JanusGraph SchemaAction.REINDEX does not remove stale data from index backend

wojciechwojcik commented 7 years ago

According to: http://docs.janusgraph.org/0.1.0/indexes.html

When you do:

JanusGraphManagement mgmt = graph.openManagement();
JanusGraphIndex index = mgmt.getGraphIndex("indexName");
mgmt.updateIndex(index, SchemaAction.REINDEX).get();
mgmt.commit();

You'd expect that index data is fully representative of what is currently stored in the graph database. Still the database scanning works only one way: all existing vertices from storage backend are re-added to index backend.

Sometimes when vertex deletion does not get propagated to the index (e.g see #329), index can contain vertices that are no longer in the graph.

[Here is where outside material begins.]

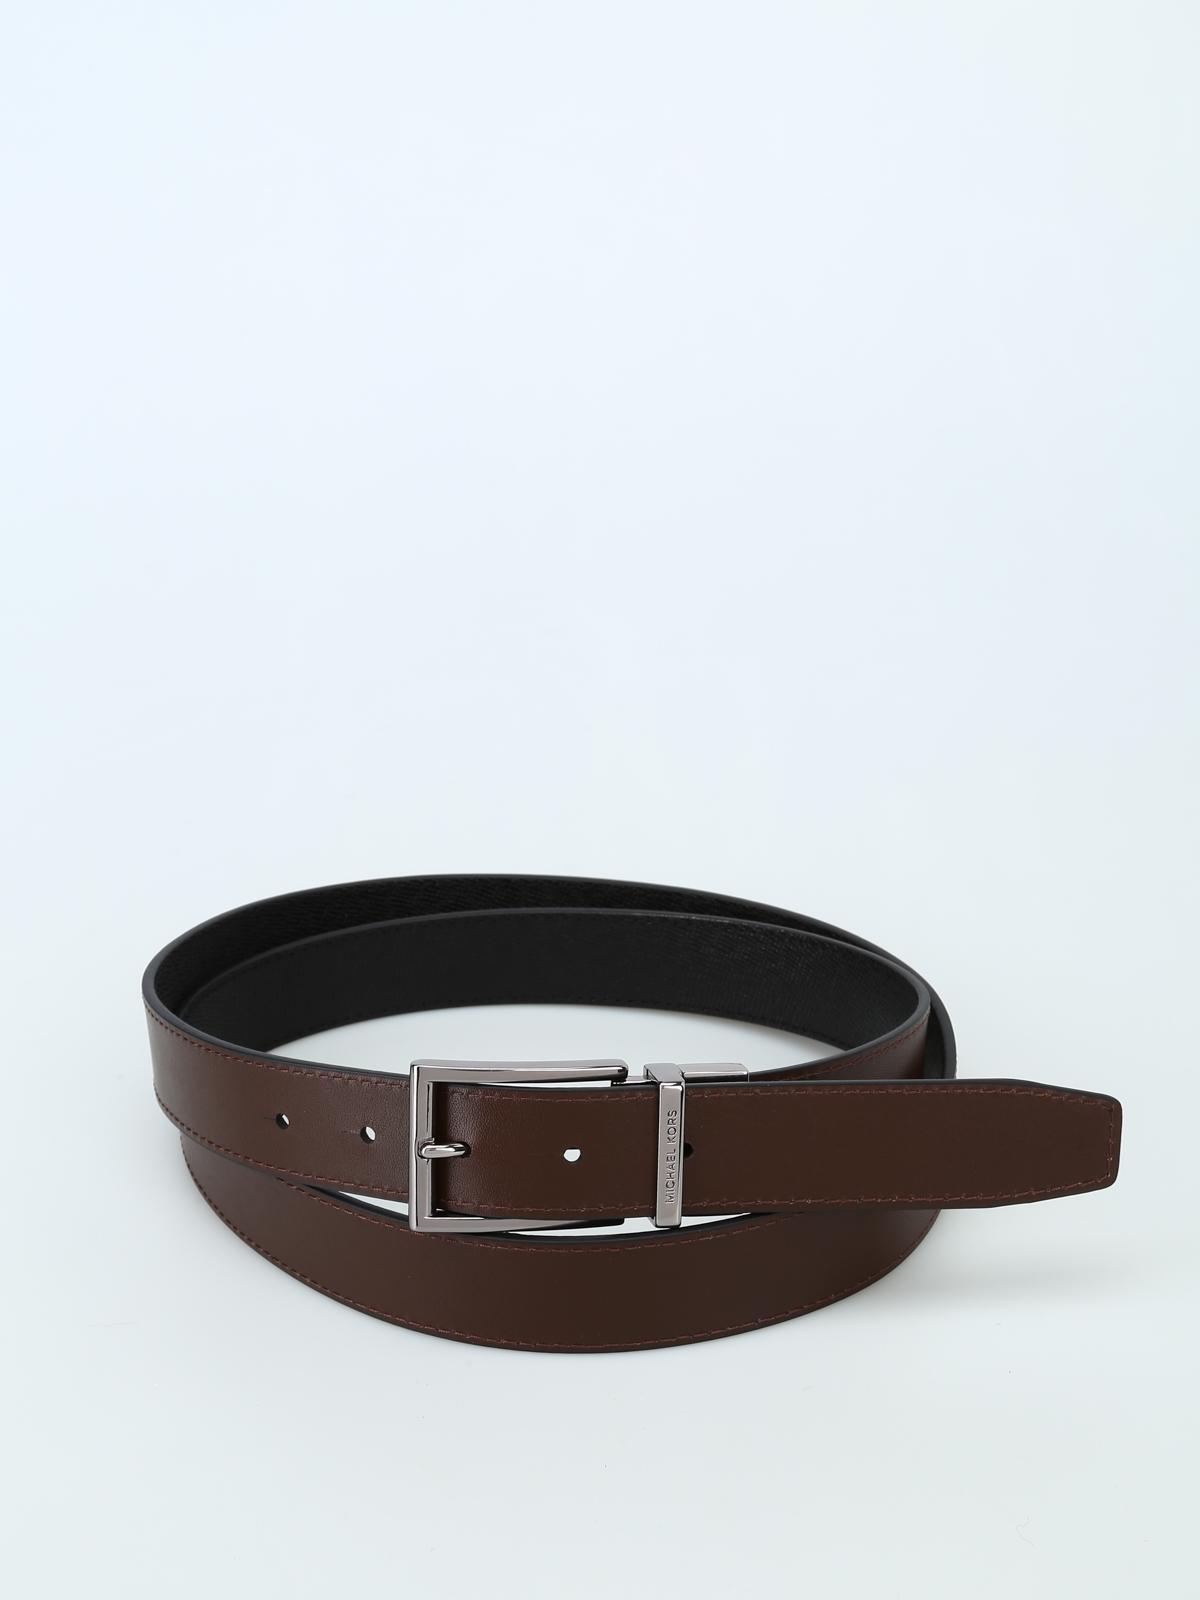 b8e77c06d8 Michael Kors - Cintura in pelle reversibile - cinture - 39F8TBLY4L193

In causes the following issues: 1) Queries that use the index will still return such deleted vertices with their ids without performing any checks or logging any errors 2) Reindexing action does not fix this issue

The only workaround is to drop/clear the index manually before re-indexing. This is often time consuming and leaves index non-operational until re-indexing is completely finished.

Reindexing action could be improved to:

incrementally query the index backend and check the existence of vertex ids in the graph
remove stale data from the index

Quick and dirty way to re-create: Create mixed index, fill-in some data, drop cassandra storage backend (or some part of if) to simulate failure, restart janus and run some queries using mixed index.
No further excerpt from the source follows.